236 (1) Le droit de recours du fonctionnaire par voie de grief relativement à tout différend lié à ses conditions d’emploi remplace ses droits d’action en justice relativement aux faits — actions ou omissions — à l’origine du différend.

236 (1) The right of an employee to seek redress by way of grievance for any dispute relating to his or her terms or conditions of employment is in lieu of any right of action that the employee may have in relation to any act or omission giving rise to the dispute.

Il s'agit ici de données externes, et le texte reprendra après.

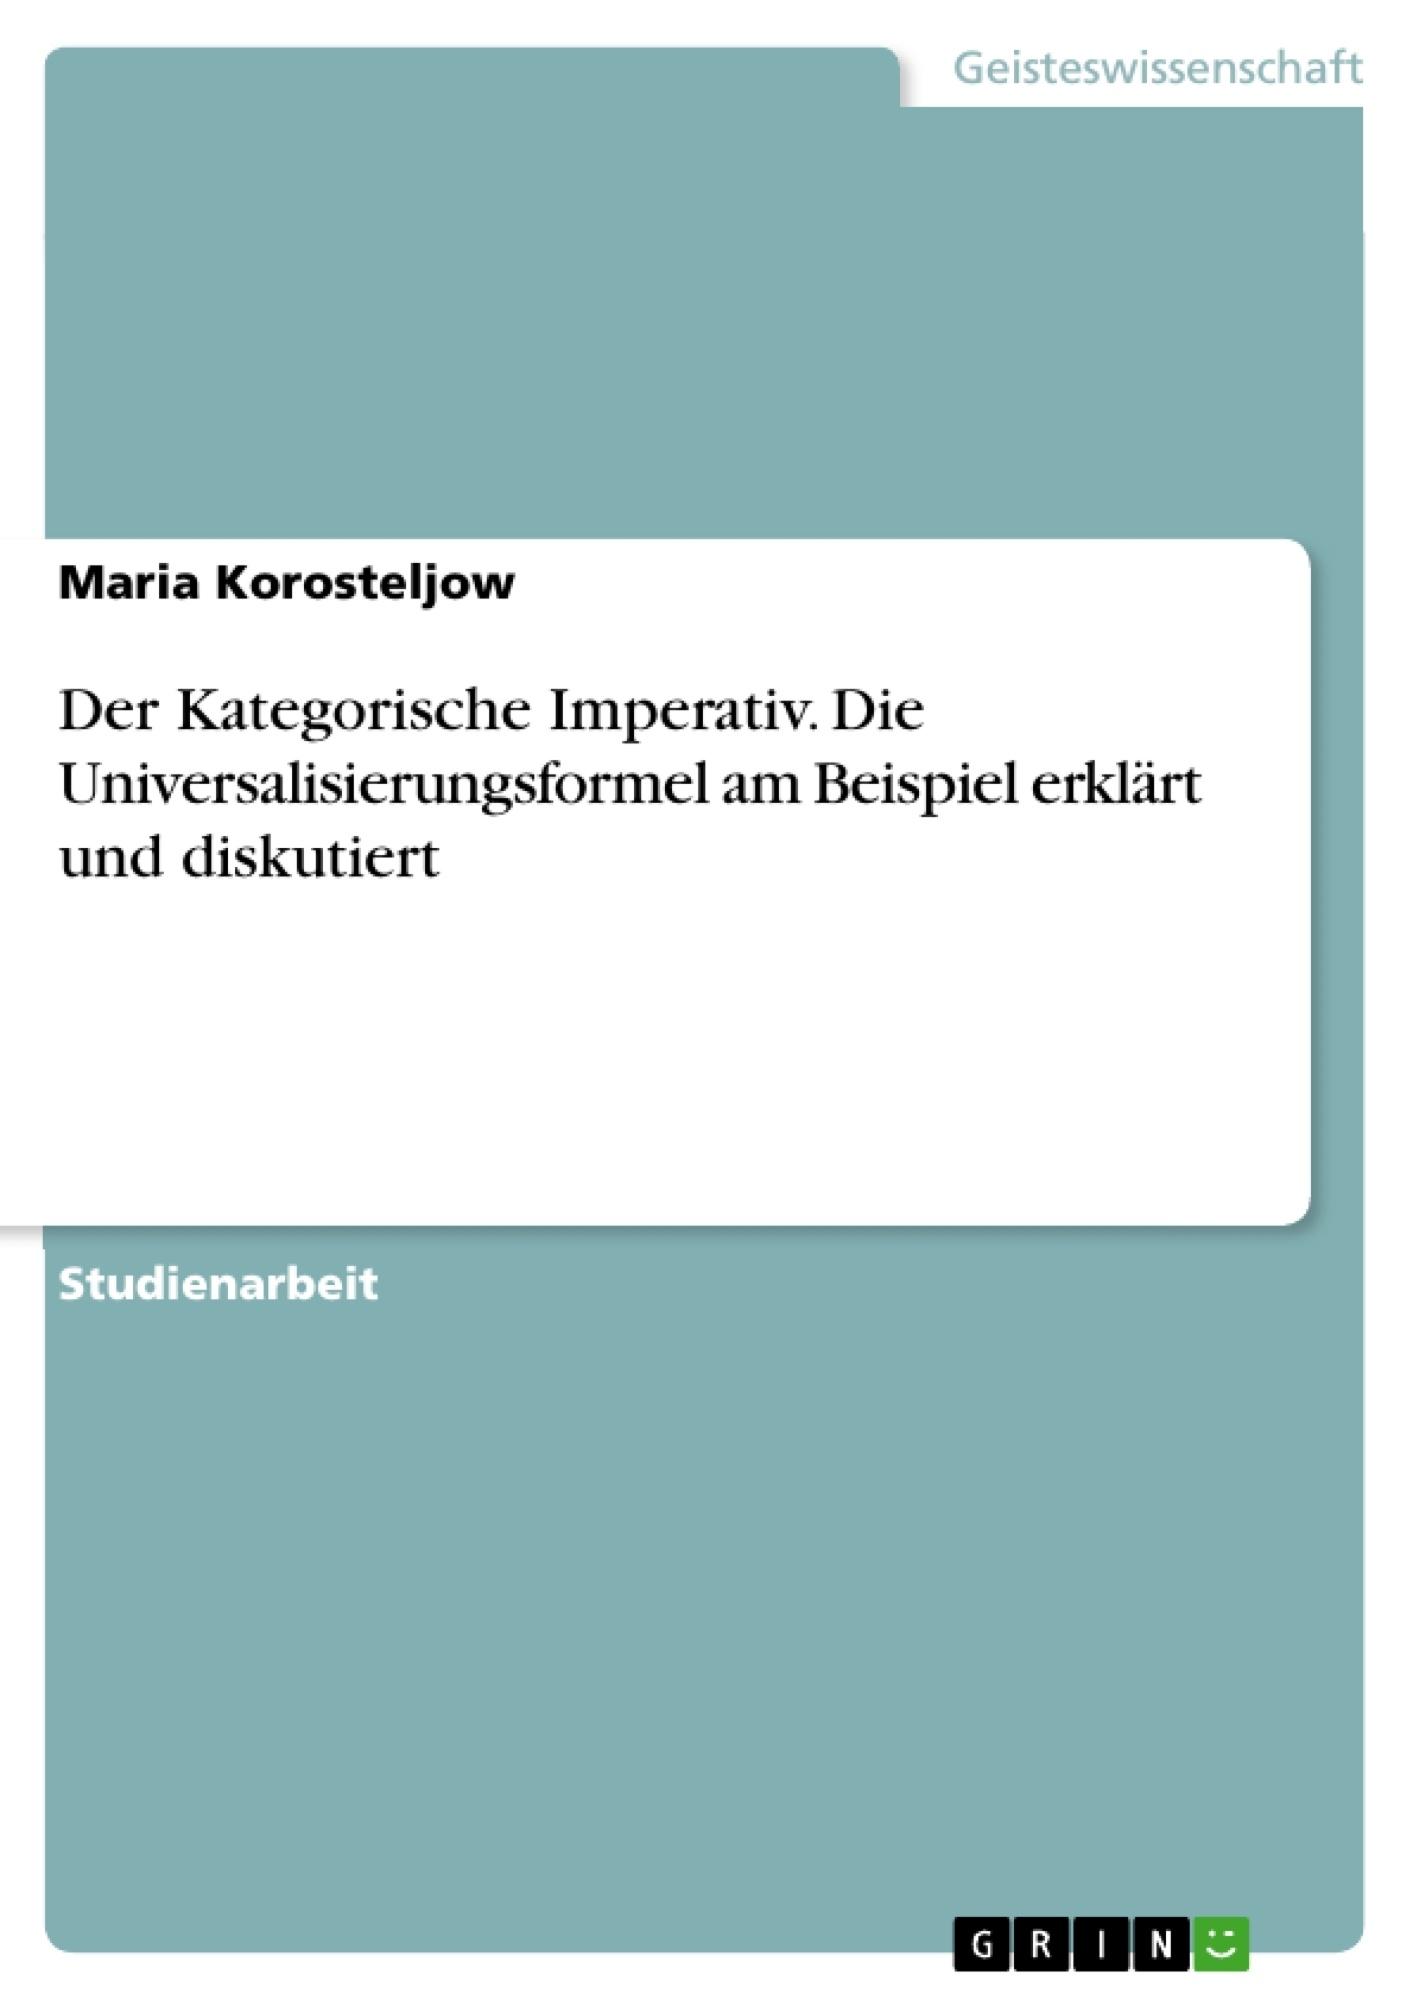 Titel: Der Kategorische Imperativ. Die Universalisierungsformel am Beispiel erklärt und diskutiert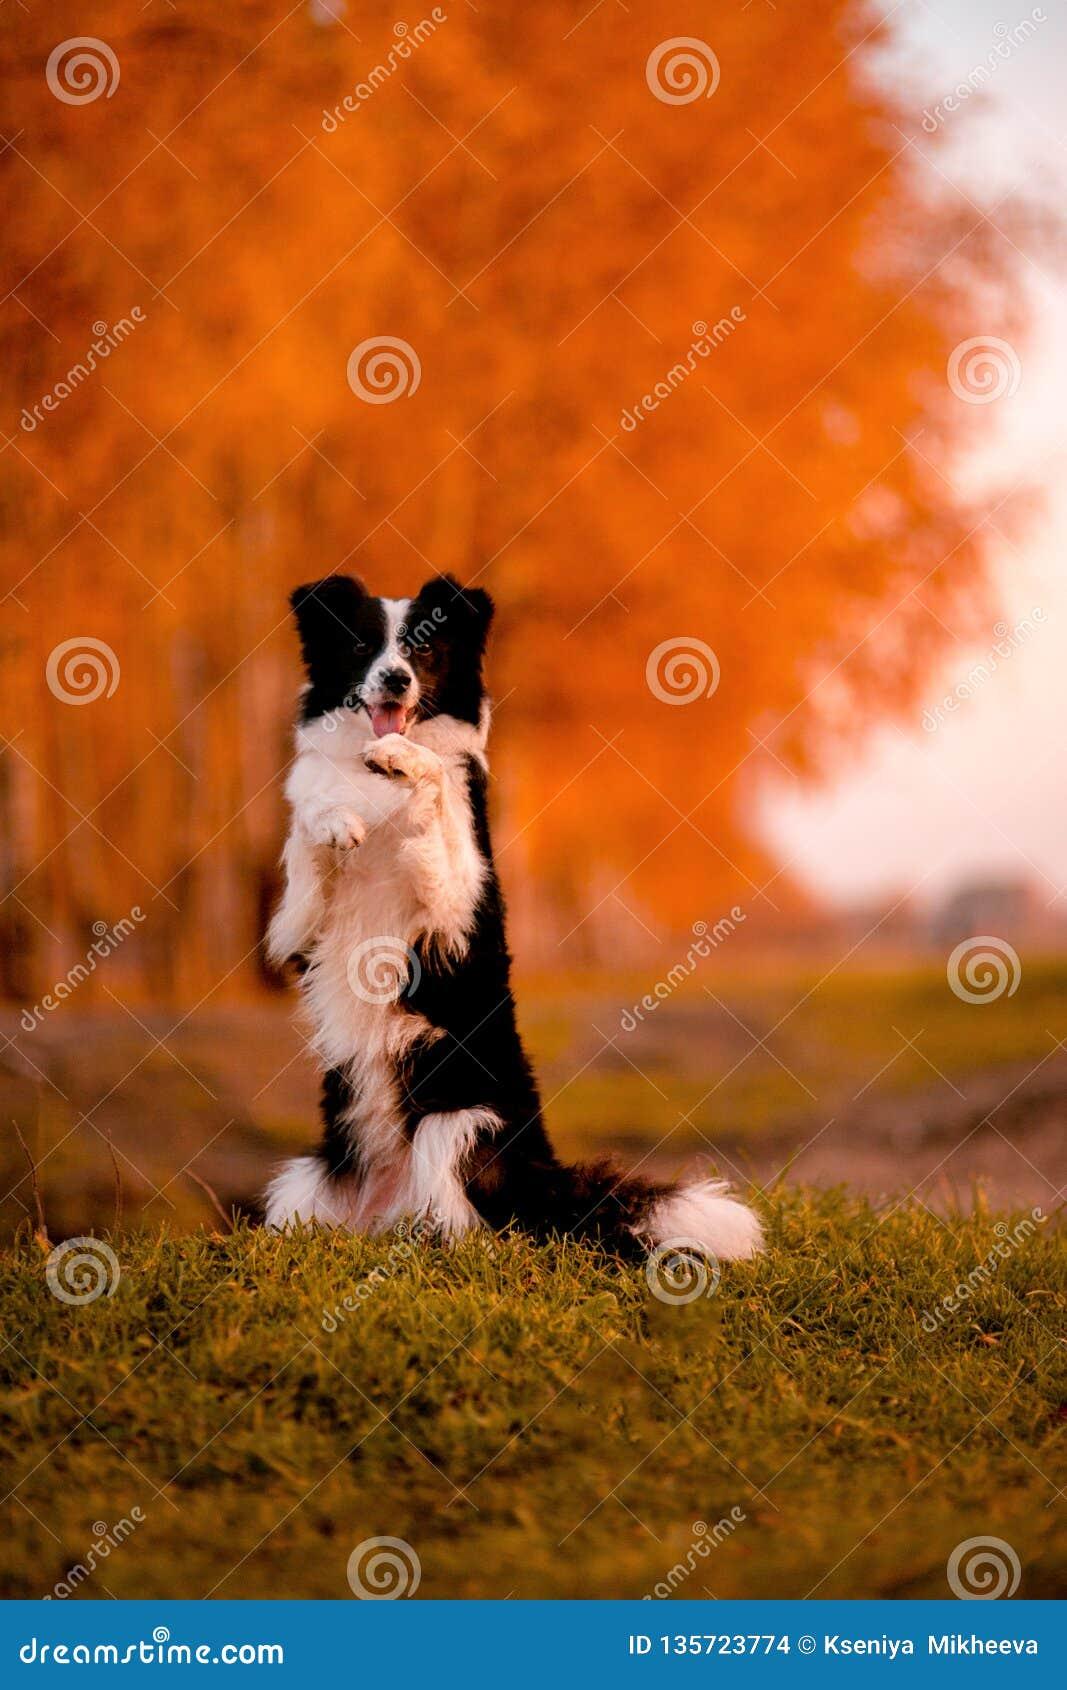 Γραπτή παραμονή κόλλεϊ συνόρων σκυλιών στη χλόη Ηλιοβασίλεμα κίτρινο δάσος στο υπόβαθρο Φθινόπωρο

[17] Tous les employés au sens du paragraphe 206(1) de la LRTSPF ont le droit le présenter un grief, qu’ils soient syndiqués ou non. Le défendeur soutient que ce droit englobe la présente contestation de la Politique sur la vaccination, parce qu’elle concerne les « conditions d’emploi », au sens où cette expression est employée à l’article 208 de la LRTSPF :

208 (1) Sous réserve des paragraphes (2) à (7), le fonctionnaire a le droit de présenter un grief individuel lorsqu’il s’estime lésé:

(i) soit de toute disposition d’une loi ou d’un règlement, ou de toute directive ou de tout autre document de l’employeur concernant les conditions d’emploi,

(ii) soit de toute disposition d’une convention collective ou d’une décision arbitrale;

b) par suite de tout fait portant atteinte à ses conditions d’emploi.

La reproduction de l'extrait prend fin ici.